Quando as personagens da TV têm mais do que uma vida
De Curral de Moinas para todo o Portugal, de uma rubrica na Praça da Alegria às salas de cinema por todo o País. É este o percurso de Quim Roscas e Zeca Estacionâncio, as duas personagens interpretadas por João Paulo Rodrigues e Pedro Alves que estão neste momento a fazer sucesso no cinema. Em três semanas de exibição, 7 Pecados Rurais, realizado por Nicolau Breyner, já superou a marca dos 200 mil espectadores e é o 10.º filme mais visto do ano em Portugal, superando títulos como Homem de Ferro 3 ou O Mordomo.
Também do outro lado do Atlântico, o mordomo homossexual Crô, personagem de Marcelo Serrado na novela Fina Estampa, que chegou ao fim na antena da SIC em março deste ano, saltou da televisão para o grande ecrã. Mas, afinal, o que está por trás desta "viagem" que leva personagens televisivas de sucesso a serem transportadas para o cinema? Por que razão é que, ao contrário do que acontece em países como os EUA, por cá ainda são poucos os exemplos?
João Paulo Rodrigues defende que é o público quem faz a diferença na hora de (re)ver as personagens nascidas em televisão. "O Curral de Moinas, pode dizer-se, já faz parte da cultura portuguesa. Sabíamos que ia ser uma boa aposta recuperar este universo. Toda a gente que nos abordava na rua pedia o regresso do Telerural e por isso quisemos trazer as personagens para o filme", atira o ator. O desejo da dupla concretizou-se e os números de bilheteira estão a provar de que estavam certos. "Não tenho dúvidas de que as pessoas foram ao cinema por conhecer as personagens na televisão. Os primeiros a ir ver 7 Pecados Rurais foram aqueles que queriam voltar a ver o Quim, o Zeca e o emblemático Curral de Moinas", defende o ator e o humorista.
Admirador da dupla de Telerural, Nicolau Breyner não hesitou na hora de aprovar as aventuras cómicas de Quim e Zeca. "Eu já seguia o trabalho deles há muito tempo, sabia que havia dois miúdos na RTP que faziam um bom trabalho.
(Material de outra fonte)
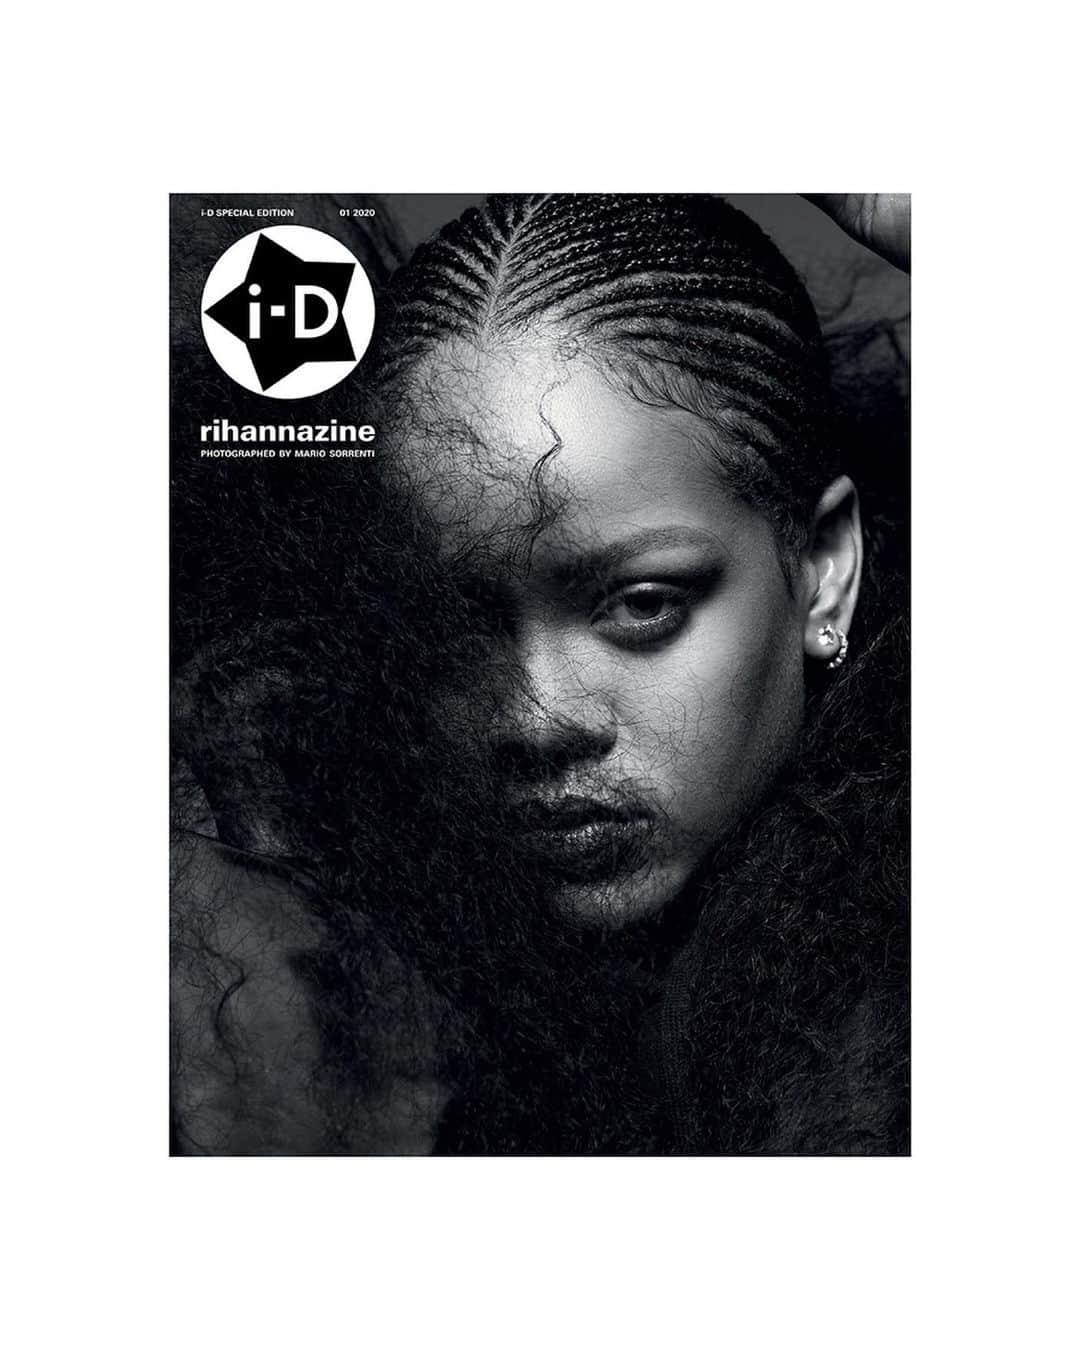 i-Dさんのインスタグラム写真 - (i-DInstagram)「🖤 HI @badgalriri! 🖤⁣⁣⁣ ⁣⁣⁣ To kick off the new decade and our 40th anniversary year, i-D and the global icon that is Rihanna have collaborated on a special, limited edition issue - titled ‘rihannazine’.⁣⁣⁣ ⁣⁣⁣ This visually-driven project is a celebration of incredible people, handpicked by Ri and i-D for their inspirational and progressive impact across culture, art, fashion and activism.⁣⁣⁣ ⁣⁣⁣ Stay tuned throughout the week as Rihanna takes over the i-D Instagram page, interviewing those leading the charge for change in⁣ 2020.⁣⁣⁣ ⁣⁣⁣⁣⁣ Hit the link in bio to preorder #rihannazine exclusively at i-Dstore.co⁣⁣⁣ 🛒⁣⁣⁣⁣ ⁣⁣⁣ [i-D SPECIAL EDITION 01 2020]⁣⁣⁣⁣⁣ .⁣⁣⁣⁣⁣⁣⁣⁣ .⁣⁣⁣⁣⁣⁣⁣⁣ Photography @mario_sorrenti⁣⁣⁣⁣⁣⁣⁣⁣ Editor-In-Chief & styling @alastairmckimm⁣⁣⁣⁣⁣⁣⁣⁣ Creative Director @lauragenninger @studio191ny⁣⁣ Casting director @samuel_ellis⁣⁣⁣⁣⁣⁣⁣ Hair creative director @yusefhairnyc⁣⁣⁣⁣⁣⁣⁣ Hair @naphiisbeautifulhair⁣⁣⁣⁣⁣⁣⁣⁣ Make-up Kanako Takase⁣⁣⁣⁣⁣⁣⁣⁣ Nail technician @jennynails at @clmagency using CHANEL Les Vernis and CHANEL La Crème Main.⁣ Set design @emmaroachstudio at @streetersagency.⁣ Full credits on i-D.co⁣⁣ @badgalriri wears @fenty⁣⁣⁣⁣⁣ #Rihanna #Fenty⁣⁣⁣」1月20日 23時30分 - i_d

Eles têm muito talento e para fazer este filme era fundamental ter bons atores. A comédia não disfarça", afirma o ator da TVI que está ainda a desfrutar o sucesso alcançado por 7 Pecados Rurais. "O filme tem tido uma aceitação tremenda e é sempre muito agradável ver que as pessoas gostam. Na minha opinião, o nosso filme faz lembrar os filmes a preto e branco, diria que é um regresso à comédia portuguesa. Recriámos um típico arraial português e, felizmente, resultou. O filme é mais inteligente do que parece, tem uma série de estereótipos".
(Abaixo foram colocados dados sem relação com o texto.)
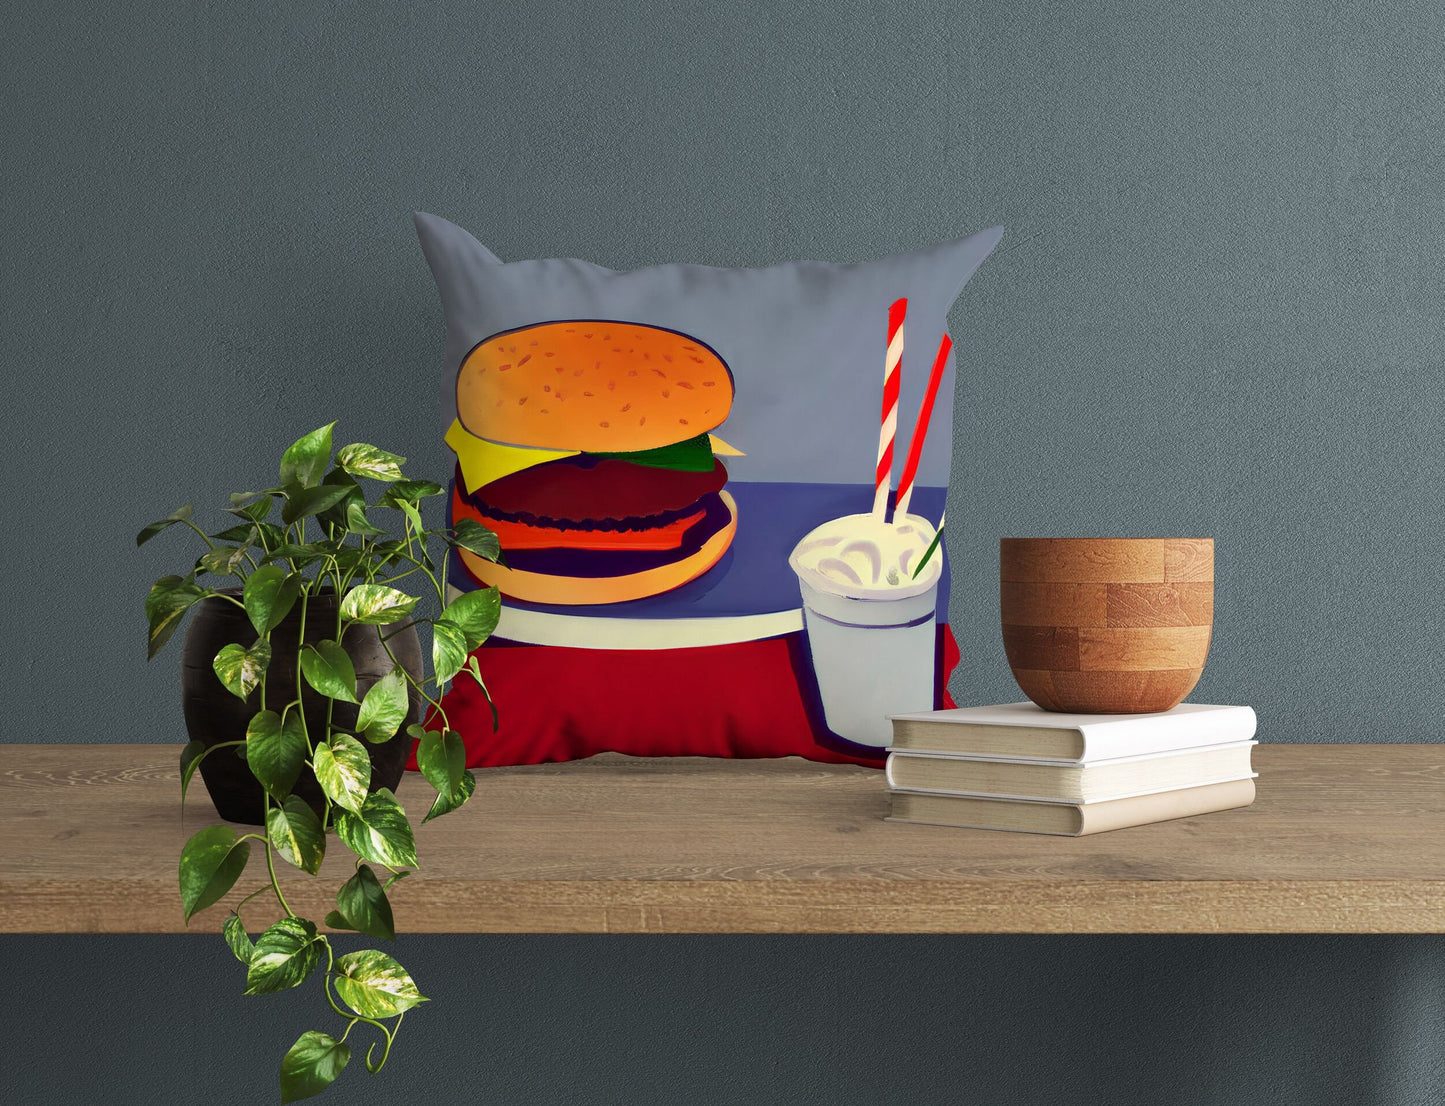 Hamburger And Drink, Pillow Case, Abstract Art Pillow, Designer Pillow, Colorful Pillow Case, Fashion, Playroom Decor, Pillow Cases Kids

Com o sucesso do filme português, a pergunta impõe-se: Poderá Curral de Moinas regressar à televisão? "Eu acredito que sim, que isso possa vir a acontecer. Neste momento, não sei. É complicado... porque o Telerural é um produto da RTP, e eu tenho ligação à TVI... e devo continuar a tê-la", avança à Notícias TV João Paulo Rodrigues que, aos sábados à tarde conduz Não Há Bela sem João, na TVI. Nicolau Breyner acredita também num possível investimento numa nova temporada de Telerural. "Um filme que alcança estes números é claro que pode impulsionar a um regresso da série à televisão".
Falta de apoios explica ausência de personagens da TV nos cinemas
O filme Uma Aventura na Casa Assombrada, baseado na obra homónima das escritoras Ana Maria Magalhães e Isabel Alçada, que assinaram também a popular série juvenil Uma Aventura, transmitida a partir do ano 2000 na SIC, foi a primeira produção a saltar do pequeno para o grande ecrã. A estreia aconteceu a 3 de dezembro de 2009 e nessa semana, o filme atingiu a marca de 40 mil espectadores.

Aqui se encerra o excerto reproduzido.